All of lore.kernel.org
 help / color / mirror / Atom feed
From: Jason Baron <jbaron@redhat.com>
To: Markus Armbruster <armbru@redhat.com>
Cc: Kevin Wolf <kwolf@redhat.com>,
	Stefan Hajnoczi <stefanha@redhat.com>,
	qemu-devel@nongnu.org, Alexander Graf <agraf@suse.de>,
	Gerd Hoffmann <kraxel@redhat.com>,
	Anthony Liguori <anthony@codemonkey.ws>
Subject: Re: [Qemu-devel] On block interface types in general, IF_AHCI in particular
Date: Tue, 30 Oct 2012 11:16:31 -0400	[thread overview]
Message-ID: <20121030151631.GA2744@redhat.com> (raw)
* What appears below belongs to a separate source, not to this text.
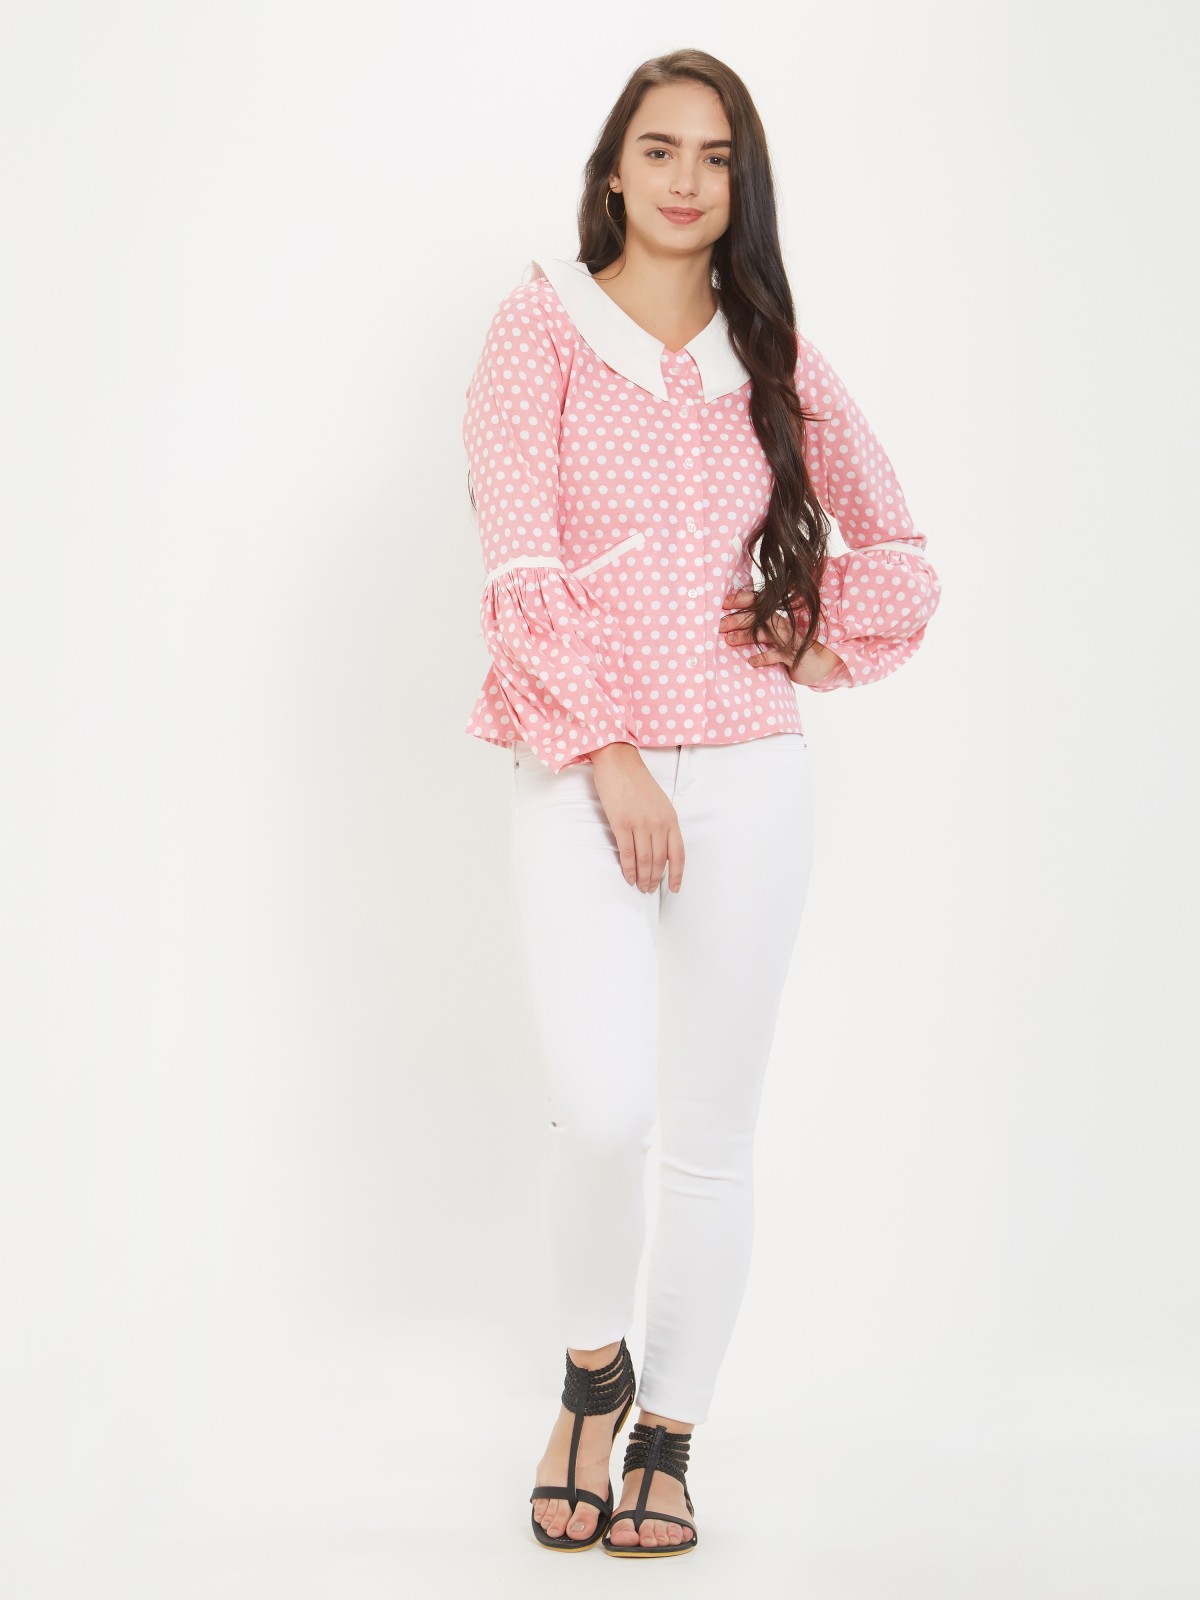  Exclusive Cotton Linen Vintage Styled Pink Polka Dots Top
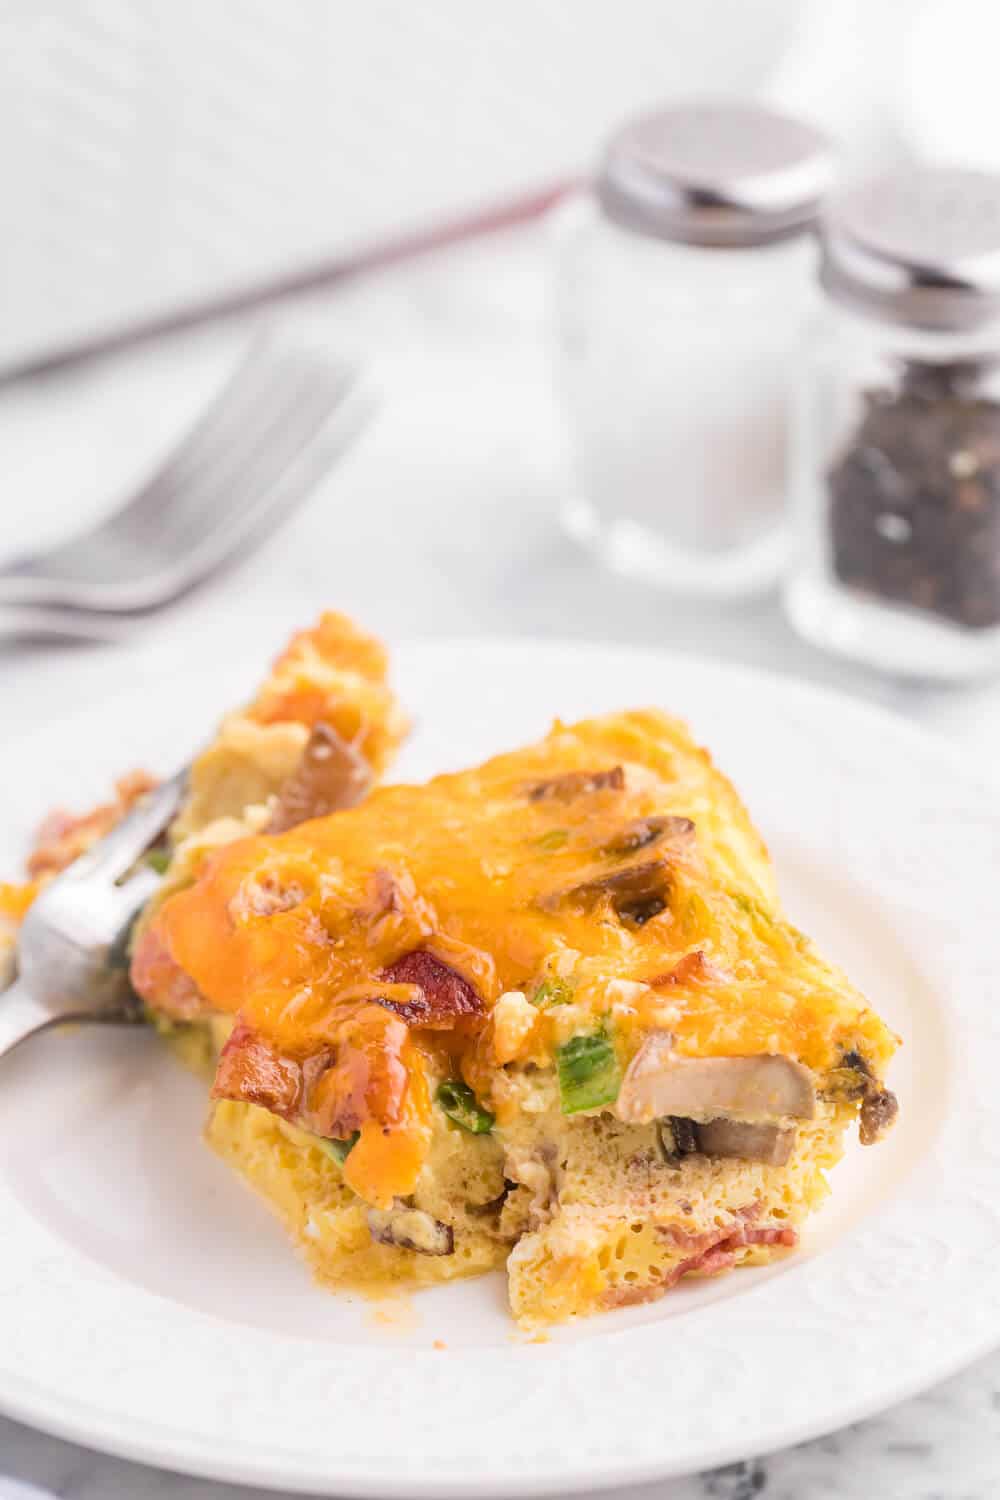 Crustless Bacon and Cheese Quiche - Rich, creamy eggs with bacon and cheese are a fantastic, lower carb option for brunch or dinner. Served with fruit or mixed greens, this is delicious and satisfying, no matter what time of day you make it!

In-Reply-To: <87k3u82f7b.fsf@blackfin.pond.sub.org>

On Tue, Oct 30, 2012 at 03:43:20PM +0100, Markus Armbruster wrote:
> The primary purpose of this memo is a brain dump on how block interface
> types are used, and what that means for AHCI.  A secondary purpose is to
> disabuse Alex of the notion that -drive is simple ;)
> 
> 
> BlockInterfaceType really just serves -drive and its monitor cousins
> drive_add and pci_add[*].
> 
> Note: we have a whole zoo of convenience options to define drives, but
> they're all just shorthand for -drive, so let's ignore them here.
> 
> 
> Let's start with -drive.  -drive creates a block backend, and leaves it
> in a place where board code can find it if it cares.
> 
> That place is indexed by a triple (BlockInterfaceType type, int bus, int
> unit), corresponding to -drive options if, bus, unit.
> 
> The actual work is done by drive_init().  Its opts argument comes
> straight from -drive's argument.
> 
> If option if is missing, type is set to a board-specific default.
> 
> If option bus is missing, bus is set to zero.
> 
> If option unit is missing, the system picks the first unused bus, unit
> starting with (bus, 0).
> 
> For type IF_IDE, unit must be 0 or 1.
> 
> For type IF_SCSI, unit must be 0..6.  Note that the range is fine for
> 8-bit SCSI, and inappropriate for anything else.
> 
> Complication: option index.  This is an alternate way to specify bus and
> unit.
> 
> For type IF_IDE, bus = index / 2, unit = index % 2.
> 
> For type IF_SCSI, bus = index / 7, unit = index % 7.  Again, fine for
> 8-bit SCSI, not fine for everything else.
> 
> For any other type, bus = 0, unit = index.  There's no way to specify
> bus > 0 with index.
> 
> This mapping from index to (bus, unit) is ABI.
> 
> (type, bus, unit) also get put into the drive ID when the user doesn't
> specify one (again ABI), but let's ignore that here.
> 
> 
> Now examine what board code does with (type, bus, unit) triples.  In
> general, board code looks up the triples it knows, and it finds a
> backend, it creates a suitable device model connected to the it.
> 
> Same thing, different perspective: a board has a fixed set of onboard
> devices.  They may be associated with a well-known number of (type, bus,
> unit) triples.  The association is ABI.
> 
> Example: "connex" associates (IF_PFLASH, 0, 0) with its CFI parallel
> flash.  It errors out when the triple isn't found.
> 
> Example: "g3beige" associates its PMAC IDE's master with (IF_IDE, 0, 0),
> the slave with (IF_IDE, 0, 1), its CMD646's primary master with (IF_IDE,
> 1, 0), its slave with (IF_IDE, 1, 1).  A suitable IDE device is created
> when a triple is found.  It doesn't associate its secondary master and
> slave with any triple (which means you can't put drives there with
> -drive if=ide).
> 
> Boards never associate (IF_NONE, ...) with anything.  The backends
> behind these tripes are for use with -device.
> 
> Some boards create additional device models when they find certain
> triples.  What gets created when is ABI.
> 
> Example: "pc" finds the maximum bus N that occurs in any (IF_SCSI, ...)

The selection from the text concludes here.